Mecanismo de ação dos alcalóides isolados do Geissospermum laeve (Vellozo) Bailon (Pau-Pereira) no músculo esquelético

Título alternativo Mechanism of action of alkaloids isolated from Geissospermum laeve (Vellozo) Baillon (Pau-Pereira) in skeletal muscle
Autor Tanae, Mirtes Midori Autor UNIFESP Google Scholar
Orientador Lapa, Antonio José Autor UNIFESP Google Scholar
Resumo I. O Geissospermum laeve (Vellozo) Baillon conhecido no sudeste brasileiro como pau-pereira, é uma planta de casca amarga utilizada na medicina popular como febrífuga, tônica e hepatoprotetora. II. O Geissospermum laeve (Vellozo) Baillon é rico em alcalóides dos quais a geissospermina é a mais abundante. Também foram identificados a geissoschizina e a geissoschizolina (pereirina} como majoritários. III. A literatura descreve que os alcalóides do G. laeve têm ação curarizante.

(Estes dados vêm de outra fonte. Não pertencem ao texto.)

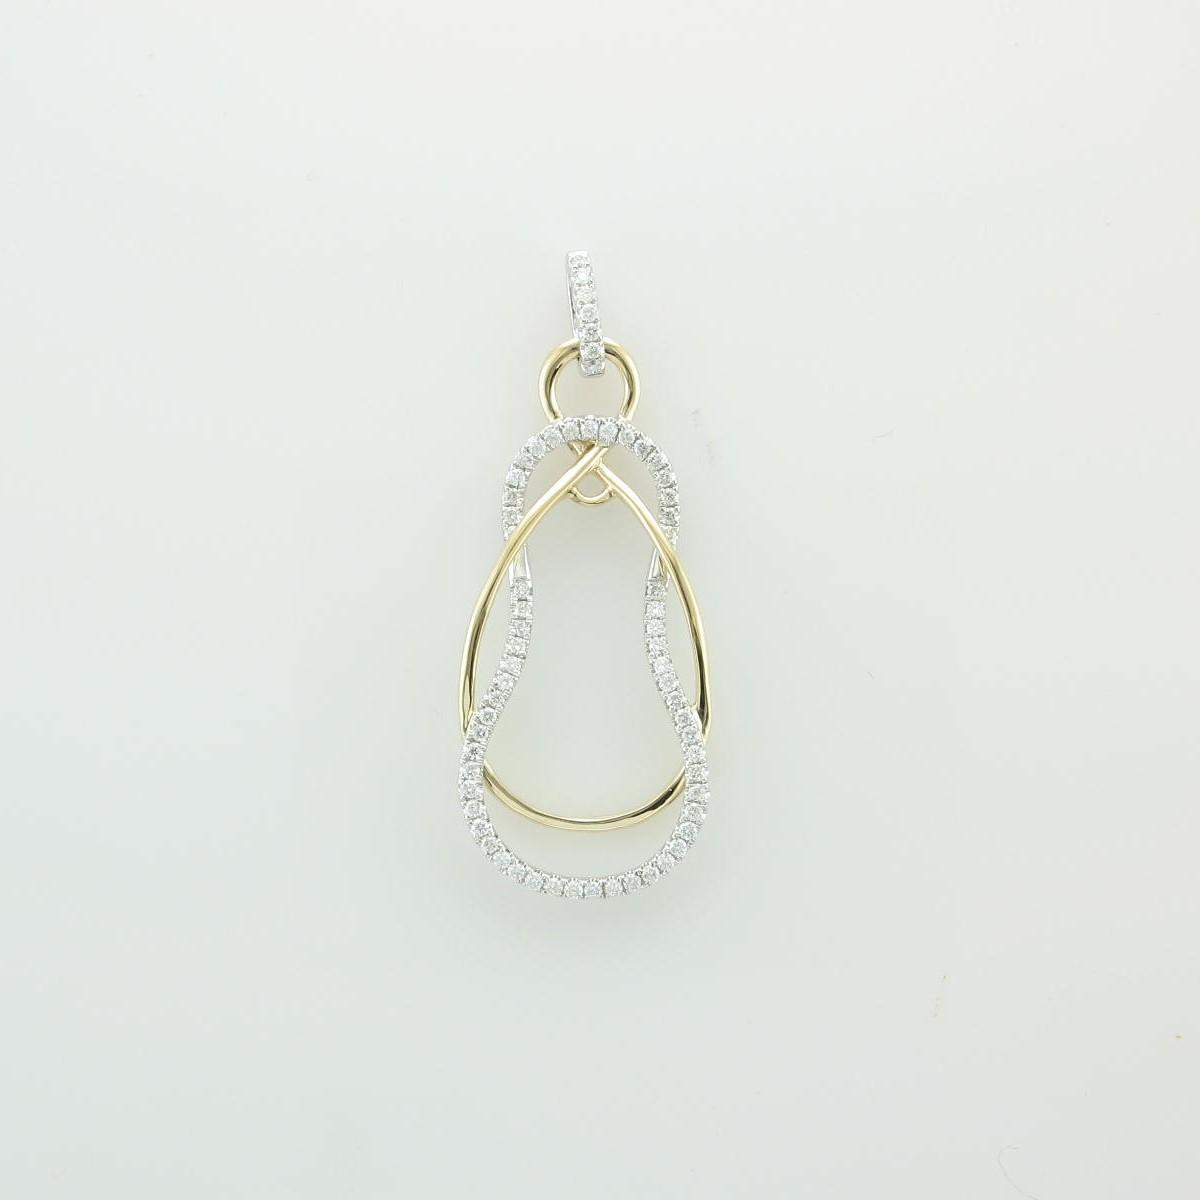 0.34tcw Two Tone Diamond Pendant in 14k Yellow & White Gold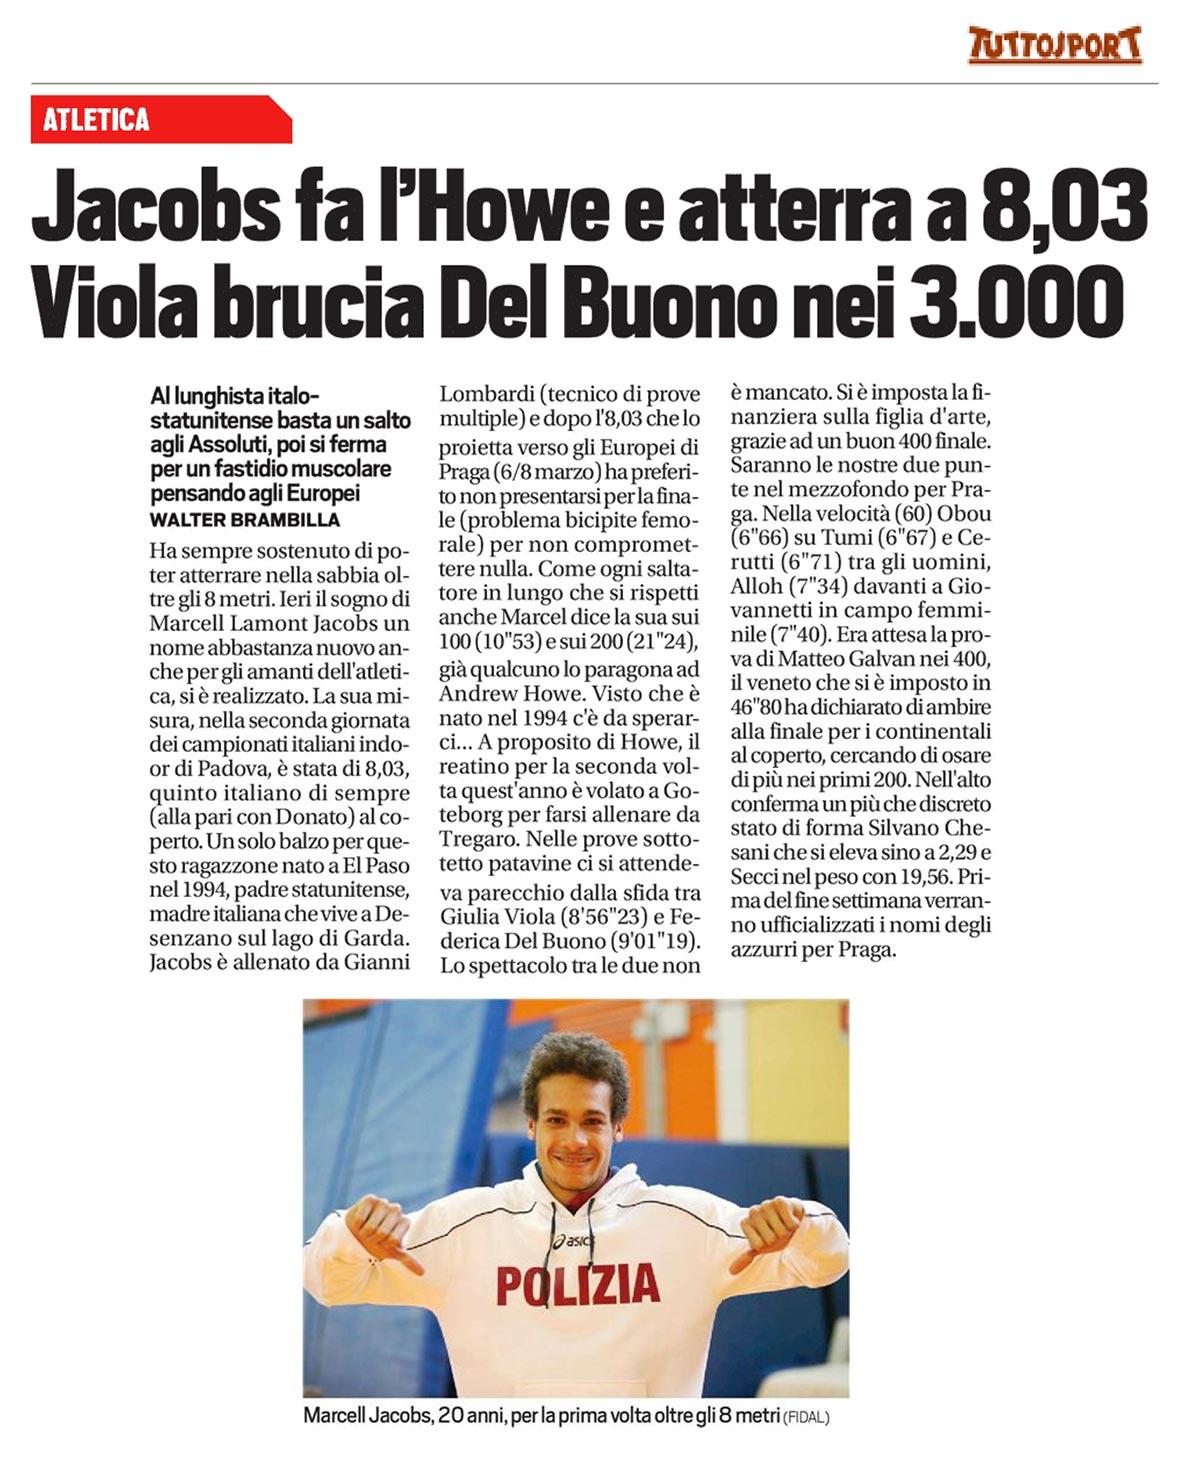 Tutto Sport 23 02 15 - Fiamme Oro Atletica

IV. Este trabalho objetivou isolar os alcalóides majoritários da casca do caule de G. laeve e estudar o mecanismo de ação daqueles com atividade na contração da musculatura esquelética. V. O material vegetal foi obtido de plantas do acervo do Jardim Botânico do Rio de Janeiro. VI. O pó das cascas secas foi extraído com etanol e por partiçoes sucessivas com clorofórmio / água em diferentes pH foi obtido um extrato rico em alcalóides. VII. Do extrato clorofórmico foram obtidos cristais identificados com análise química instrumental como geissospemina. VIII. Do extrato ácido foi obtida uma mistura de alcalóides denominada FAT. IX. A FAT foi purificada em CLAE fornecendo 4 frações ativas na preparação nervo frênico / músculo diafragma de camundongo. A fração mais ativa foi novamente purificada em CLAE e coluna de sílica gel fornecendo uma única fração ativa denominada F(4E)98-102. X. A geissospermina (3 a 100 mg/mL) bloqueou irreversivelmente as contrações do diafragma obtidas por estímulo direto e indireto. XI. Registros eletrofislológicos intracelulares mostraram que a geissospermina despolariza a membrana das fibras musculares, sem afetar especificamente a transmissão neuromuscular. XII Em miobolas de músculos de ratos recém nascidos, a geissospermina aumentou a condutância da membrana, impedindo o registro de correntes por "patch-clamp". Este efeito foi independente da presença de ACh e não foi bloqueado pela tetrodotoxina (300 nM). XIII. A F(4E)98-102 bloqueou a transmissão neuromuscular no diafragma de camundongo. O efeito foi revertido após lavagem mas não pela incubação de neostigmina. XIV. A F(4E)98-102 (1O a 30 mg/mL) diminuiu a amplitude dos potenciais em miniatura da placa terminal sem alterar a polaridade da membrana celular. A maior dose bloqueou a transmissão neuromuscular. XV. A incubação da F(4E)98-102 (1 a 10 mg/mL) em culturas de miobola diminuiu a freqüência de aberturas do canal iôníco associado ao receptor nicotínico e diminuiu ...(au).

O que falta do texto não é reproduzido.